Найти тему

Самара на ощупь

Уходящая натура

Зоя КОБОЗЕВА *

Я недавно перевозбудила друзей с фейсбука, опубликовав фотографию девочки-модели в платье из колбасы. Девочка учится в школе моделей, в которой я читаю лекции по истории моды. Но самое замечательное было в сообщении, которое мне пришло перед самым началом лекции от организаторов: «У нас небольшой запах в студии, девочка для конкурса сшила платье из мяса, для пародии на Леди Гагу. Шила около двух недель, и оно немного испортилось. Надеюсь, всё выветрится к началу занятий».

Всех заинтересовало, как это по ощущениям – носить платье из колбасы, каково на ощупь платье, да еще слегка задумавшееся? Людям свойственно желание потрогать. Кто-то из друзей вспомнил чеховское: «Шубенка на мне, извините, паршивая, на рыбьем меху!»

Историю этого русского фразеологизма связывают с бедностью, нищетой. А в Самаре– всё может быть. Выходишь из здания железнодорожного вокзала – на привокзальной площади тетенька торгует огромными золотыми копчеными рыбинами в прозрачной чешуе. Чешуйки жесткие, солоноватые. Чем не самарский модный тренд: шуба из копченого карпа, самарский сувенир – шуба на рыбьем меху!
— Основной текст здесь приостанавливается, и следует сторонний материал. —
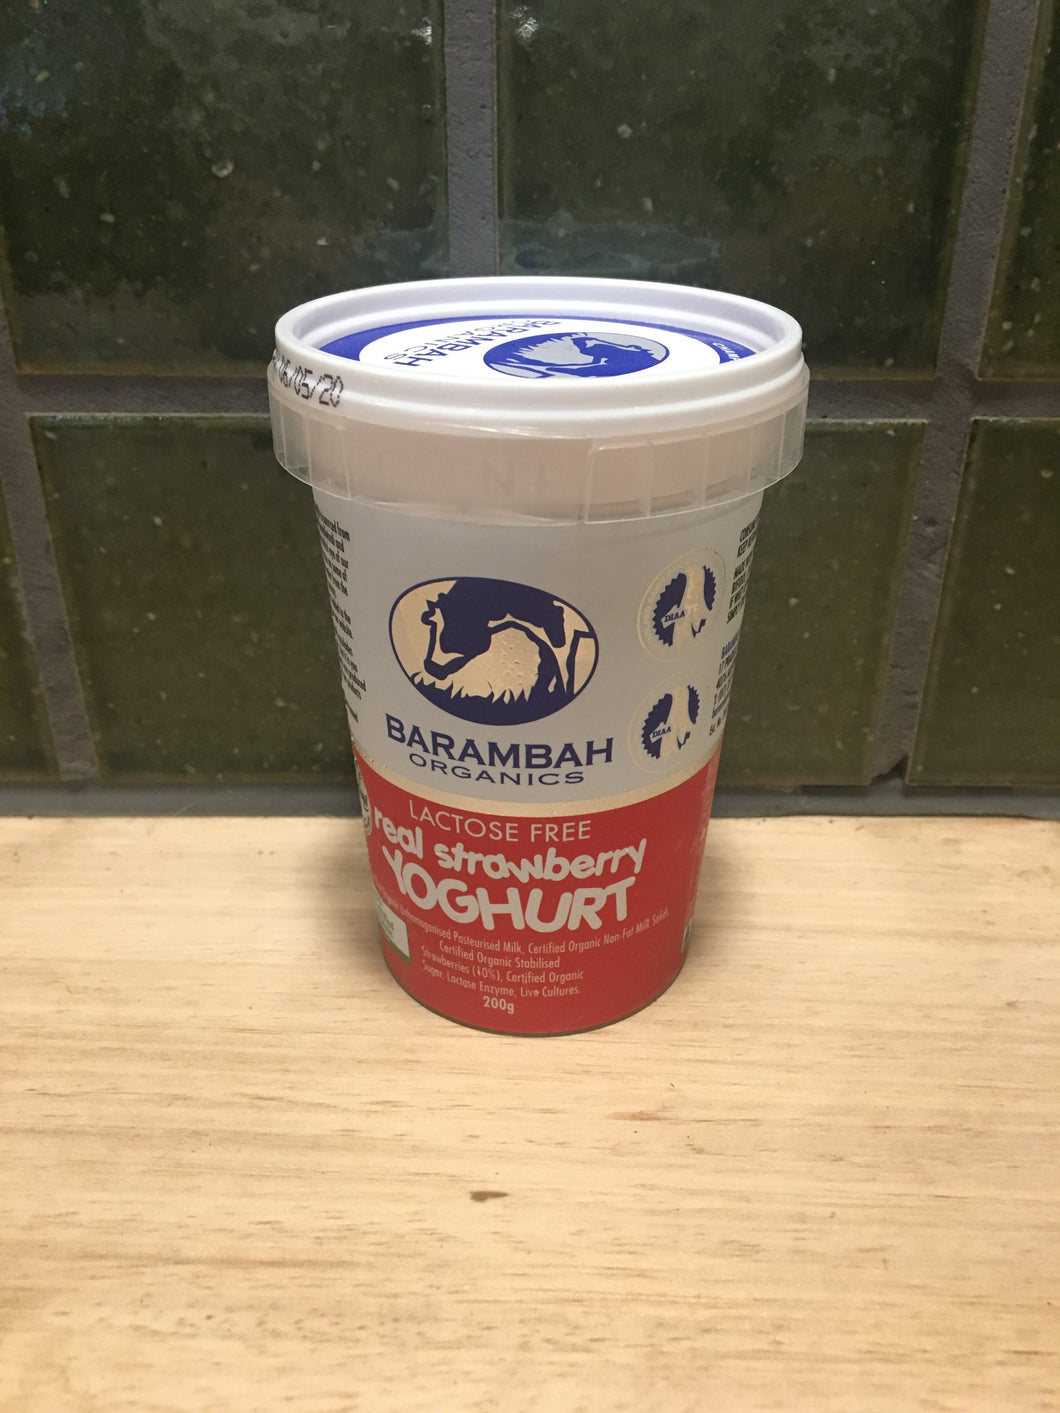 Barambah Yoghurt Strawberry 200g

На ощупь сразу будет понятно: волжский народ!

***

В городе, в котором большая часть года холода, важное значение имеют источники дарового тепла. Можно прижаться сокровенной частью тела к теплым сиденьям, можно забиться в доступные круглосуточно отделения Сбербанка, где стоят банкоматы, и ощутить теплый воздух из батарей. В университете, продуваемом ветрами с Волги, тоже можно найти любимую батарею и ощутить ее спасительное тепло.

А напротив университета, около торгового центра, прям на ледяных ступеньках, на земле, сидит нищий с собакой. Ты стоишь и проклинаешь светофор на переходе, никак не загорающийся зеленым, умираешь от холода, леденеешь, обливаемая ледяными потоками из-под колес машин. А он сидит на ступенях и даже не дрожит от холода. «Кусочки хлеба нам дарят – и мой сурок со мною. И вот я сыт, и вот я рад. И мой сурок со мною».

А летом, когда зной ядреный и беспощадный, раскаленный и жаркий заставляет мечтать о прохладе и снеге, можно опустить голову в струю из колонки или в фонтан. Можно прижаться к дешевым бутылкам с минералкой в каком-нибудь «Магните». Можно, задрав юбки, встать босыми пятками в Волгу. Можно взмолить всех местных богов о дожде – и дождь тут же тебя накроет стеной, не оставив ни одной надежды на сухую репутацию.

В нашем городе только нельзя упасть в траву или в снег. Слишком много владельцев собак и их обожаемых питомцев. И «с высокой кручи на песок» скатиться тоже нельзя. Не бурлаки помешают – люди, люди нашего города, не убирающие мусор за собой на пляжах. Но собирающих мусор по помойкам много. Идут пенсионеры с палочками и ковыряются в помойках. И я каждый раз думаю: может, это бывший советский инженер или рабочий какого-нибудь великого куйбышевского оборонного завода? «Миллионы тонн металла, чтоб страна сильнее стала».

***

Из всех тактильных ощущений я потеряла одно: наслаждение от того, когда старые лодки с просмоленным дном, перевернутые кверху этим дном, покрываются на солнце пузырьками. Нажимать на эти смоляные черные пузырьки, в жару мягкие, очень приятно. Где же наши старые волжские лодки? С уключинами для весел? Теперь океанские лайнеры бороздят синие воды реки, несутся скутеры по верхушкам волн.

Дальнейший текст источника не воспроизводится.